I saw the Smithsonian feature also. Which motivated me to rent and watch* Fury*. I won't argue the merits of the movie except to say that the whole thing seemed to be essentially a pastiche of scenes designed to portray some aspect or other of the role of the Sherman tank in the drive to the Rhine. As such, it seemed to be reasonably accurate, based on the Smithsonian feature and the works of Stephen Ambrose, which should pretty much be required reading for those interested in this subject. Regarding the Sherman-Tiger encounter in the film, I can only relate that two advantages worthy of note for the Sherman were that it was faster and that there were a vast number of them, compared to the Tiger (or the Panther, for that matter).


----------



## Venusian Broon (Feb 28, 2015)

HareBrain said:


> I haven't seen it either, but my understanding is that the Sherman in the film has a long-barrelled AT gun (I forget the model number, but it's the US equivalent of the British Firefly). So it could destroy a Tiger, with some luck.

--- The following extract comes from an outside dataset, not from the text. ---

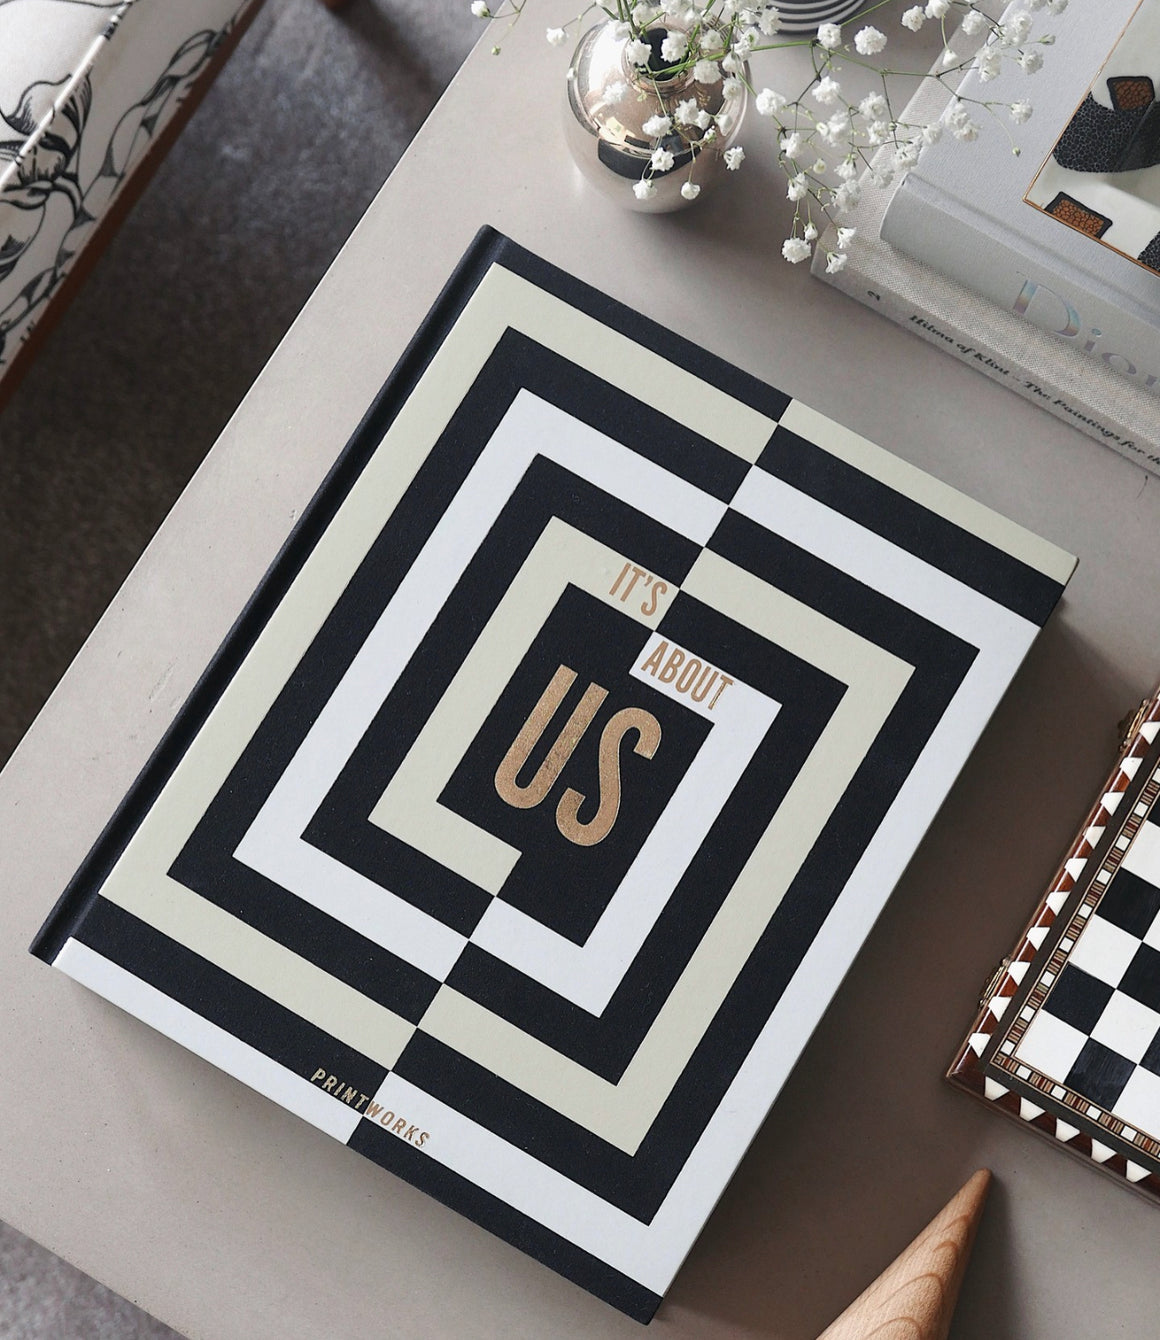 It's About Us Photo Album/Coffee Table Book

Didn't need luck, apparently they were quite good at it and could easily knock out Tigers and Panthers at reasonable combat distances! I had something in my mind that it was a 90mm AT gun (or thereabouts) that they fitted - but it turns out the Firefly was fitted with a 17 pounder or 76.2mm - however it was better than the dreaded 88 than the Germans had. 

Don't know what the US equivalent was.


----------



## HareBrain (Feb 28, 2015)

Venusian Broon said:


> however it was better than the dreaded 88 than the Germans had.



Really? Hmm, I'll have to dig out my old Advanced Squad Leader counters!

I know for sure it wasn't as good as the King Tiger gun, but that had a longer barrel than the Tiger I.


----------



## Venusian Broon (Mar 1, 2015)

HareBrain said:


> Really? Hmm, I'll have to dig out my old Advanced Squad Leader counters!
> 
> I know for sure it wasn't as good as the King Tiger gun, but that had a longer barrel than the Tiger I.



King Tiger - (well, how many of them were made? Not that many...)

But for the British weapon - Higher velocity therefore better armour penetration apparently. Surely though it worked, no? In terms of general results in western Europe 1944-45?

Oh yeah, I even got my mates involved in Panzer Blitz/Squad leader and they weren't anywhere near as mad on WW2 games as me


----------



## Jeffbert (Mar 1, 2015)

I watched the film Friday evening, & to avoid spoilers, I will just say that it was *Intense!
*
The name Stephen Ambrose is familiar to me, but I cannot recall ever reading any of his books; I do have Kenneth Macksey's *Tank Vs. Tank*, & it details the armor versus gun conflict fairly well, though the tables in it do not account for angle of impact, which I have seen in web pages. Given that, it does detail far more than what the tables state. In the few minutes I flipped through the book just now, I could not find a table about the Firefly Vs. the Tiger I, though I am certain such details are in the book. 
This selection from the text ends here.